Лицо Неуспокоева стало непреклонным:

- Целина велика! Туда, где не только требуют от тебя подвигов, но и дают возможность для их свершения. Согласен на любые трудности! Хочу трудностей, люблю трудности, обожаю! Но простои!..

Егор Парменович, не меняя позы, с подбородком, зажатым в развилку пальцев, скосил глаза в сторону прораба. Неуспокоев снял пальто и оказался в короткой, до пояса, вельветке со множеством "молний", расположенных вдоль и поперек, вкривь и вкось. "Разукрасился, как новогодняя елка!" - сердито подумал Егор Парменович, но ответил спокойно, в тон прорабу:

- Работать хорошо, в том числе и без простоев, это уже подвиг. А вам, Николай Владимирович, такой подвиг не по плечу? Так вас прикажете понимать?
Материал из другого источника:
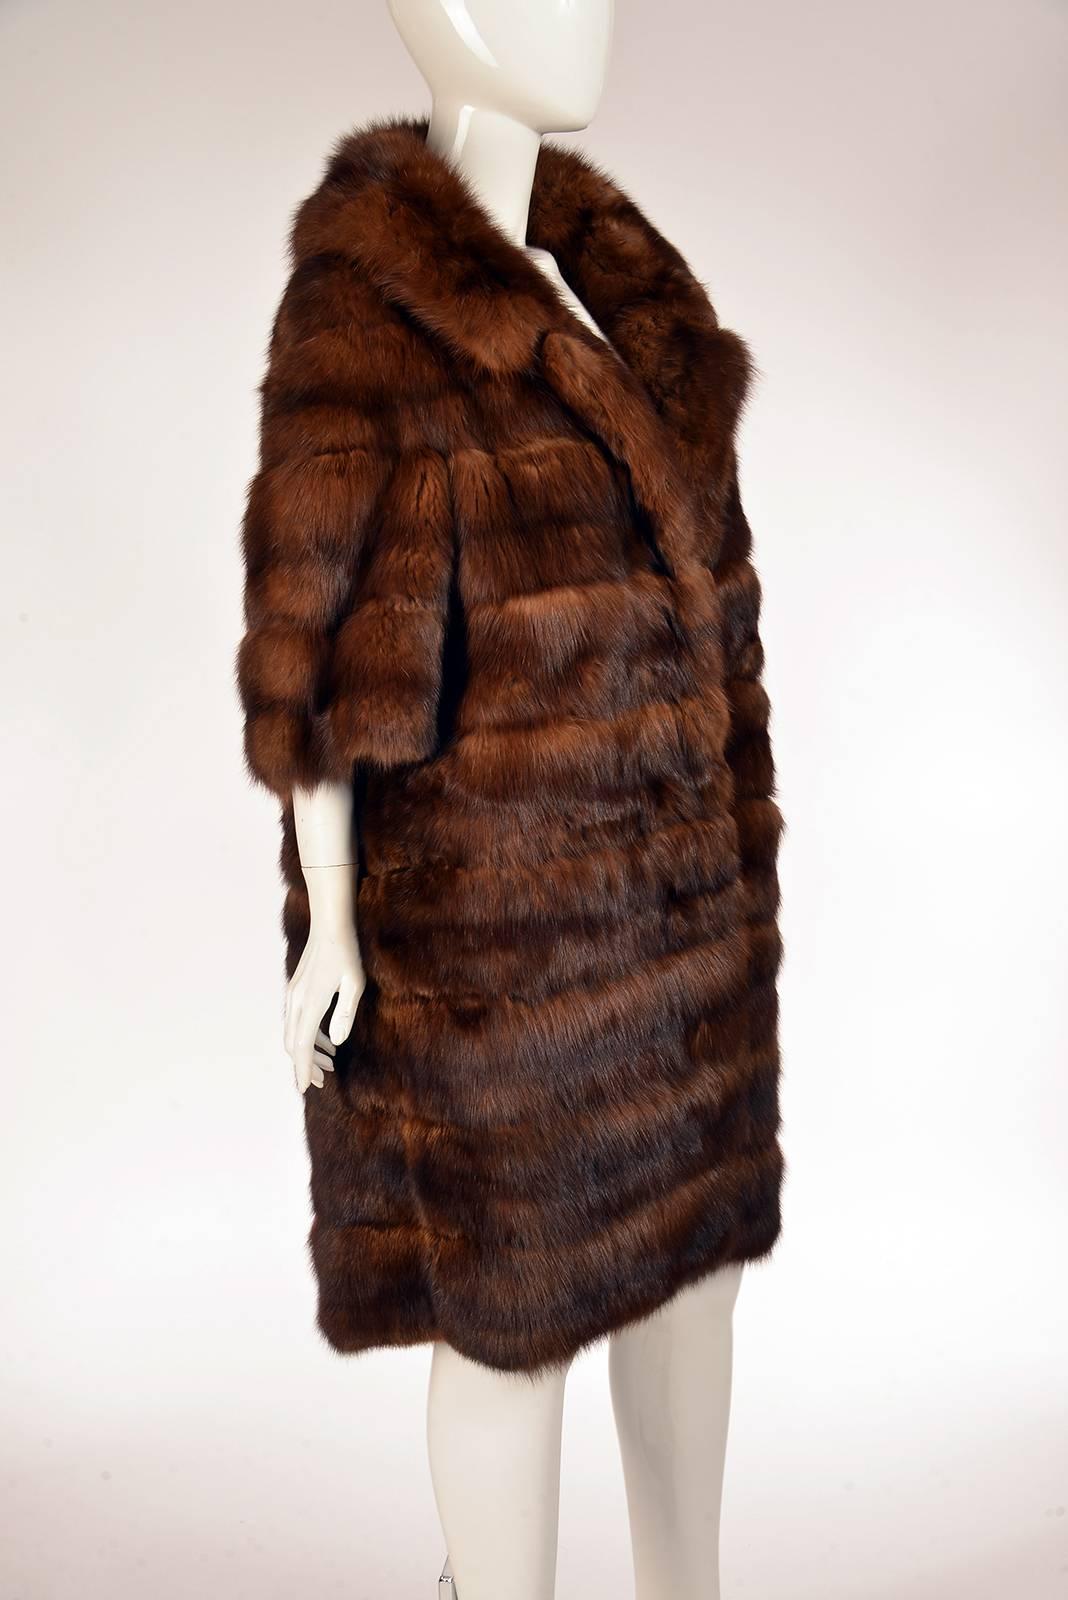 Unbelievable 1950s timeless Maximilian rich mink coat. Femininity is expressed in the details of the design with three quarter sleeves, knee length and it's large collar. Thoughtful design with horizontal stripes and cut creating a lovely

Лицо Неуспокоева окаменело.

- Разрешите мне, Егор Парменович? - по привычке встал Борис. - По-моему, для успеха дела первое - это создать для людей человеческие условия труда. А у нас на переправах хватают первых попавшихся парней и ездят на них, пока они не взмылятся. Люди только что вылезли из болота, не успели обсушиться, а им кричат: "Довольно зады греть! Не на курорт приехали!" И снова в болото! А в это время десятки людей болтаются без дела, ищут развлечений.

Грушин зашевелился и посмотрел на директора.

- Вы что, Степан Елизарович? - спросил Корчаков. - Хотите сказать?

- Нет, нет! - замахал руками шофер. - Товарищ корреспондент, спасибо ему, уже сказал за меня. А я считаю, что плохо мы закон соблюдаем.

- Какой закон? - посмотрел на него через плечо Садыков.

- Забота о людях - первый закон. Я считаю, что дальше так дело не пойдет. Почаще надо на людей оглядываться. А сколько мы сегодня людей напрасно в грязи искупали? И даже, оказывается, по два раза искупали!

- Я сам сто раз искупался, пожалуйста, - нетвердо, не находя нужного тона, ответил Садыков. - Терпеть не люблю такого разговора!

- Разговора у нас покуда и нет. А будет разговор, как коммуниста с коммунистом, - ответил негромко Грушин.

Лихорадочно розовея, как всегда при сдерживаемом волнении, поднялась Шура.

- Нельзя, нельзя так делать! Одних и тех же людей посылают по два раза в ледяную грязь. Пересменки надо делать. И надо немедленно организовать переодевание в сухое. И горячий чай должен быть в таких случаях!

- А где же вы раньше, доктор, были? - внимательно разглядывая свою бурую, в трещинах ладонь, будто читая что-то на ней, тихо сказал Грушин. - Мокрых людей в болото погнали, а вы как на это реагировали? Это ведь с моей машиной такое дело вышло, мою машину вытаскивали, - оторвался он наконец от ладони и обвел всех строгими, не просящими пощады глазами.

- Я думала… - осекся голос Шуры.

- Именно - думала! А надо было делать! Именно вам, доктор, делать! - резко сказал Корчаков опустившей голову Шуре. - На первый раз, так уж и быть, не взыщем. А повторится - пеняйте на себя. А какой же это умник погнал мокрых людей в болото?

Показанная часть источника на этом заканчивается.